MATERIAL TO PROCESS:
====================
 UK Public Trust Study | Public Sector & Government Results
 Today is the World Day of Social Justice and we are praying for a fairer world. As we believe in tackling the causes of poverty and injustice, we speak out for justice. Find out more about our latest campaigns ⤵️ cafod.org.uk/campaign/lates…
====================
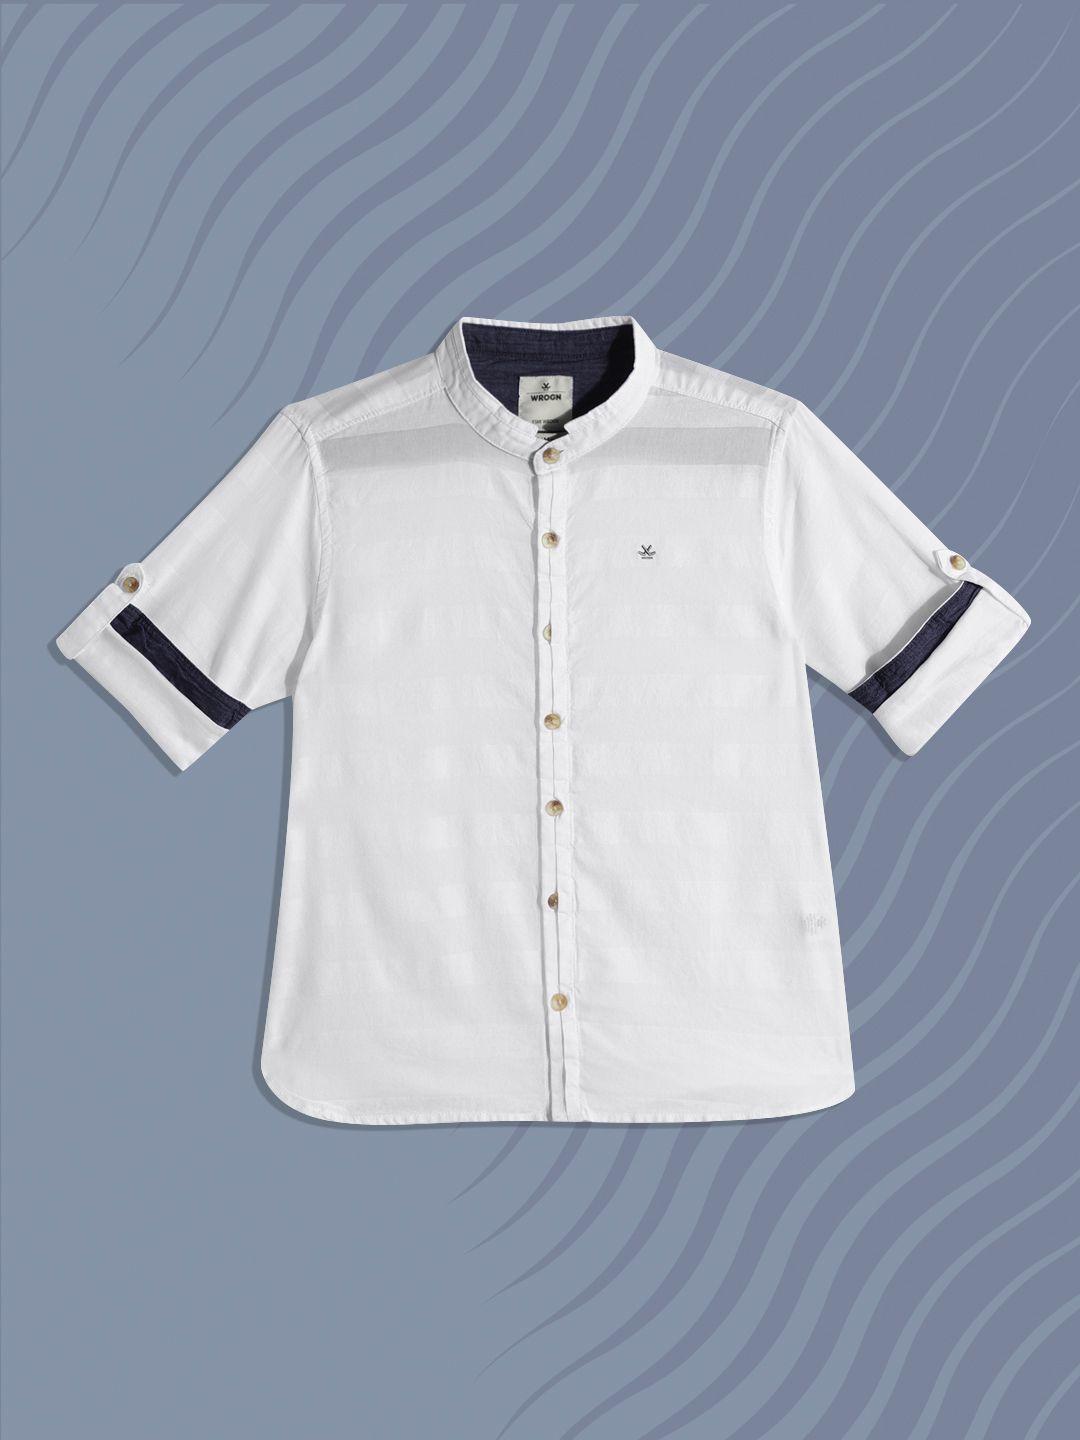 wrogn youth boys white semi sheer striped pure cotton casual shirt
====================
WORK TO COMPLETE: What do the lines above say from the one containing "UK Public Trust" down to the one containing "Today is the"? Return them exactly, both end lines included, and only them.

SOLUTION FOR THIS PROBLEM:
 UK Public Trust Study | Public Sector & Government Results
 Today is the World Day of Social Justice and we are praying for a fairer world. As we believe in tackling the causes of poverty and injustice, we speak out for justice. Find out more about our latest campaigns ⤵️ cafod.org.uk/campaign/lates…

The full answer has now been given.